There are also indications of wide-spread famine, as recorded specifically and plaintively in texts found in the archives of the merchants in Ugarit as well as the royal Hittite archives at Hattusa. Societal inequality may have come into play here, as one text from an Ugaritic official says to the king: “grain staples from you are not to be had! (The people of) the household of your servant will die of hunger! Give grain staples to your servant!” (Cohen 2021; Cline 2021). Possible internal uprisings, hypothesized at sites ranging from Hazor in Canaan to Mycenae on mainland Greece, may also have been an additional direct result of both the famine and social inequality at the time.

The mega-drought is most likely the driving factor underlying the migrations of specific groups of people across the region at this time, apparently moving from the western Mediterranean across to the Aegean and thence to the eastern Mediterranean. Some were hostile, such as the so-called Sea Peoples who are featured in the records of the Egyptian pharaohs Merneptah and Ramses III in 1207 and 1177 BCE respectively, as well as unnamed invading forces mentioned in newly published texts from Ugarit. Others were perhaps more peaceful and assimilated with the local population, as indicated archaeologically at sites like Ashkelon, located in modern-day Israel.

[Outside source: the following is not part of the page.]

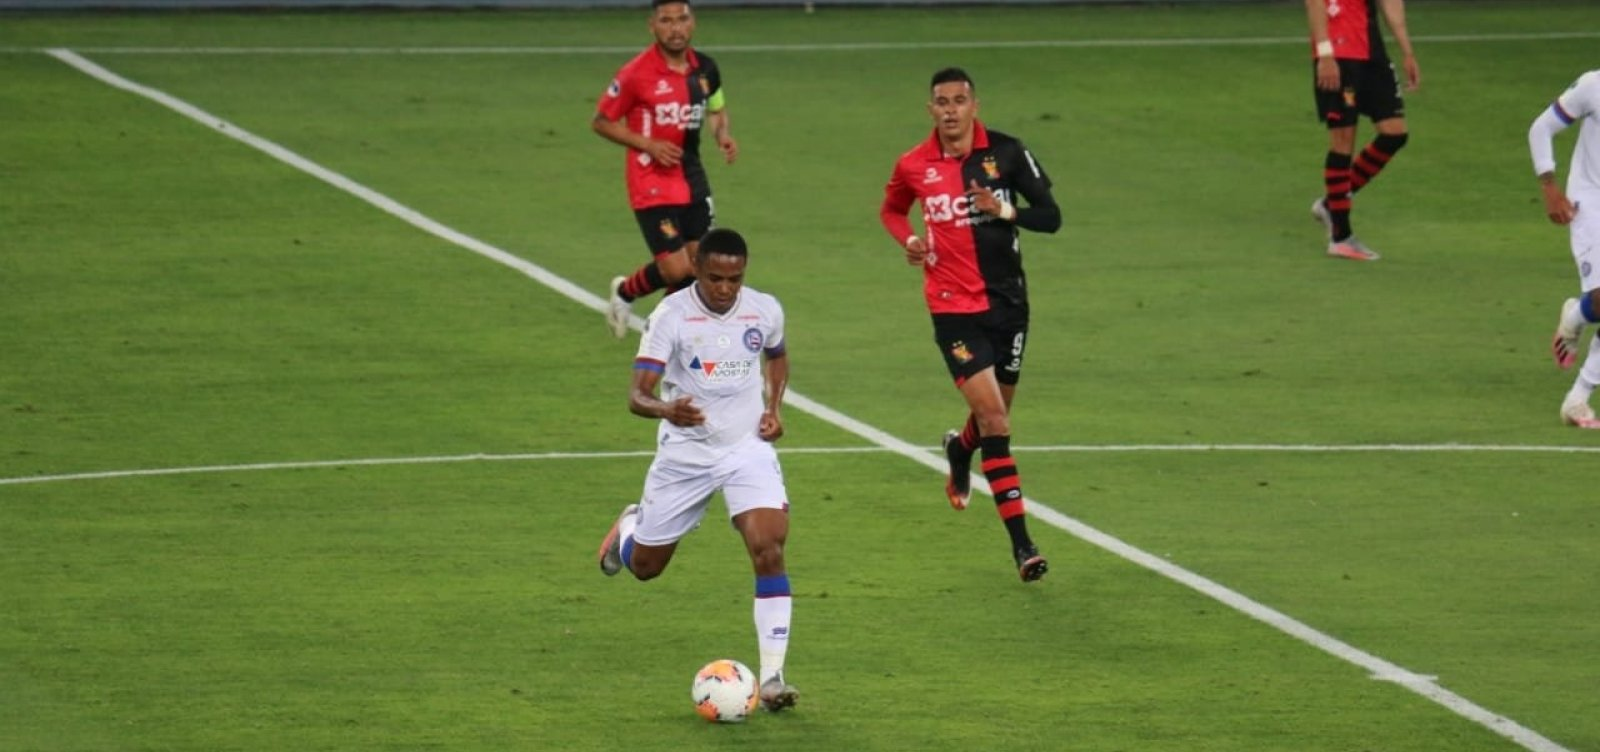 [Bahia perde para Melgar na primeira partida da segunda fase da Sul-Americana]

There were also natural disasters, such as a series of earthquakes over a fifty-year period (known as an “earthquake storm”), which factored into the overall collapse, with evidence for such at sites ranging from Mycenae to Troy and elsewhere (Nur and Cline 2000). These undoubtedly contributed to the overall Collapse, but also may have contributed to events such as internal rebellions at some of the cities.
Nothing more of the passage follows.